Use only the interactions where each of the partners is a protein (i.e. not complex, miRNA, small molecule or other kind of entity).

transmitter_receiverbool

On the source side only transmitters, on the target side only receivers.

only_genericbool

Use only the generic classes. If specific classes allowed the size of the combined data frame might be huge.

only_compositebool

Use only the composite classes. If resource_specific classes allowed the size of the combined data frame might be huge.

only_functionalbool

Use only the functional classes. Locational classes are often not relevant and they largely increase the size of the combined data frame.

exclude_intracellularbool

Remove the intracellular parent class and it’s children. These classes are not relevant in intercellular signaling and having them largely increases the size of the combined data frame.

populate_classes(update=False)§

Creates a classification of proteins according to the custom annotation definitions.

populate_scores()§

Creates the consensus score dictionaries based on the number of resources annotating an entity for each composite category.

process_annot(classdef)§

Processes an annotation definition and returns a set of identifiers.

quality_check_table(path=None, fmt='tsv', only_swissprot=True, top=None, **kwargs)§

Exports a table in tsv format for quality check and browsing purposes.

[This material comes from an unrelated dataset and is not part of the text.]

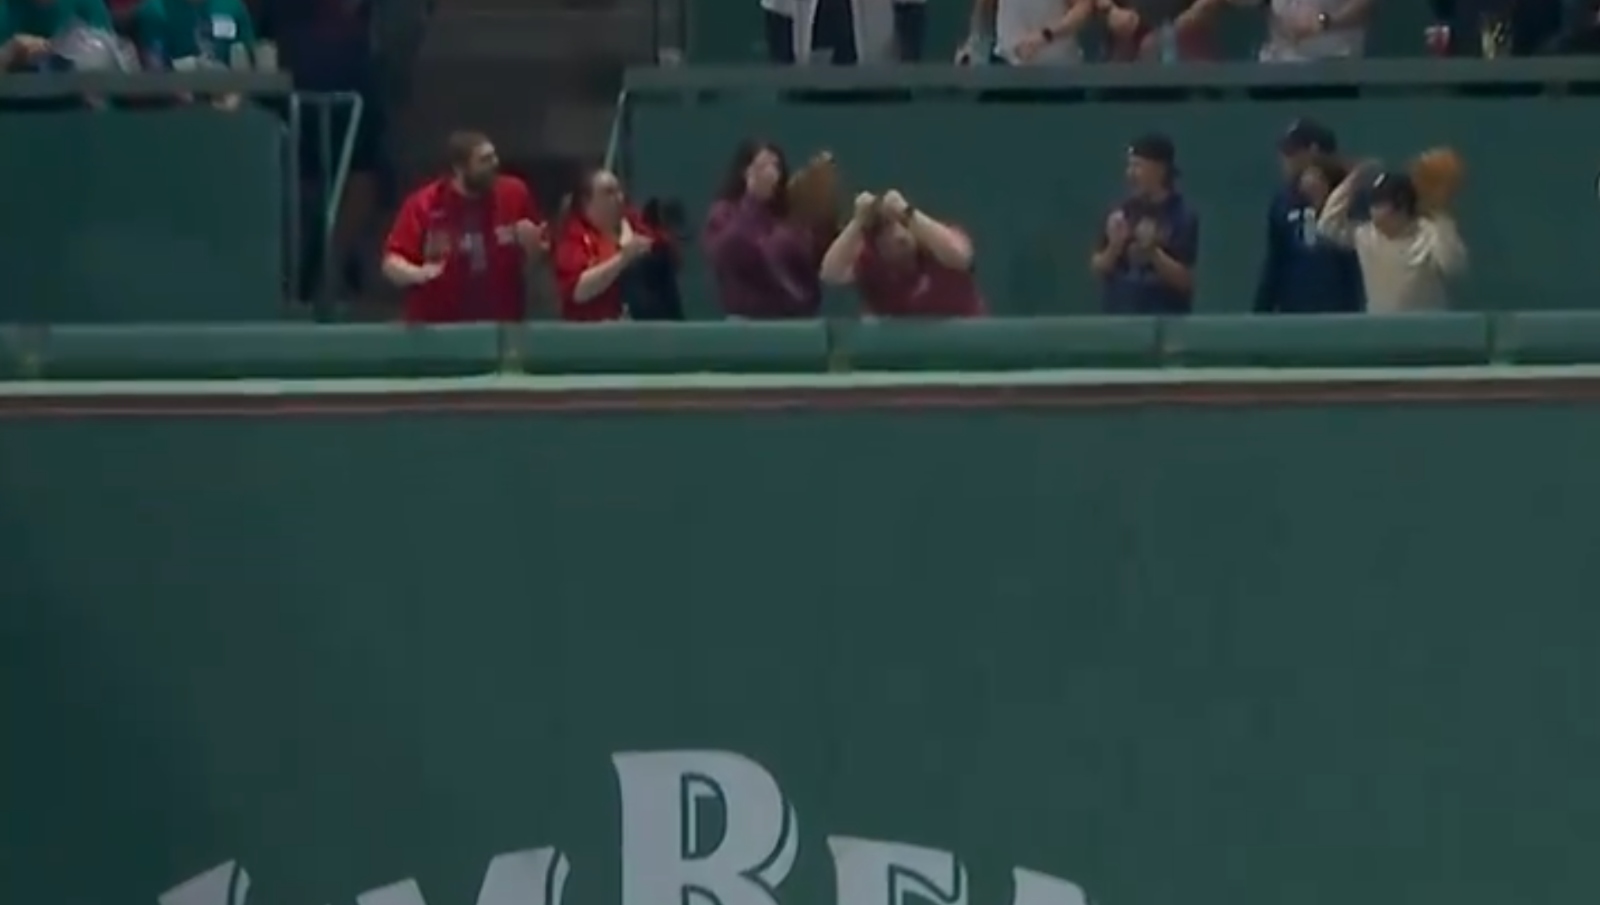 Boston Red Sox fan drops Green Monster ball

Each protein represented in one row of this table with basic data from UniProt and the list of annotation categories from this database.

Parameters:
  • path (str) – Path for the exported file.

  • fmt (str) – Format: either tsv or latex.

register_network(network)§

Sets network as the default network dataset for the instance. All methods afterwards will use this network. Also it discards the interclass network data frame if it present to make sure future queries will address the network registered here.

reload()[source]§

Reloads the object from the module level.

resources_in_category(key)§

Returns a list of resources contributing to the definition of a category.

select(definition, parent=None, resource=None, entity_type=None, **kwargs)§

Retrieves a class by its name or definition. The definition can be a class name (string) or a set of entities, or an AnnotDef object defining the contents based on original resources or an AnnotOp which defines the contents as an operation over other definitions.

set_interclass_network_df(**kwargs)§

Creates a data frame of the whole inter-class network and keeps it assigned to the instance in order to make subsequent queries faster.

show(name, parent=None, resource=None, **kwargs)§

Same as select but prints a table to the console with basic information from the UniProt datasheets.

update_parents()§

Creates a dict :py:attr:children with parent class names as keys and sets of children class keys as values. Also a dict :py:attr:parents with children class keys as keys and parent class keys as values.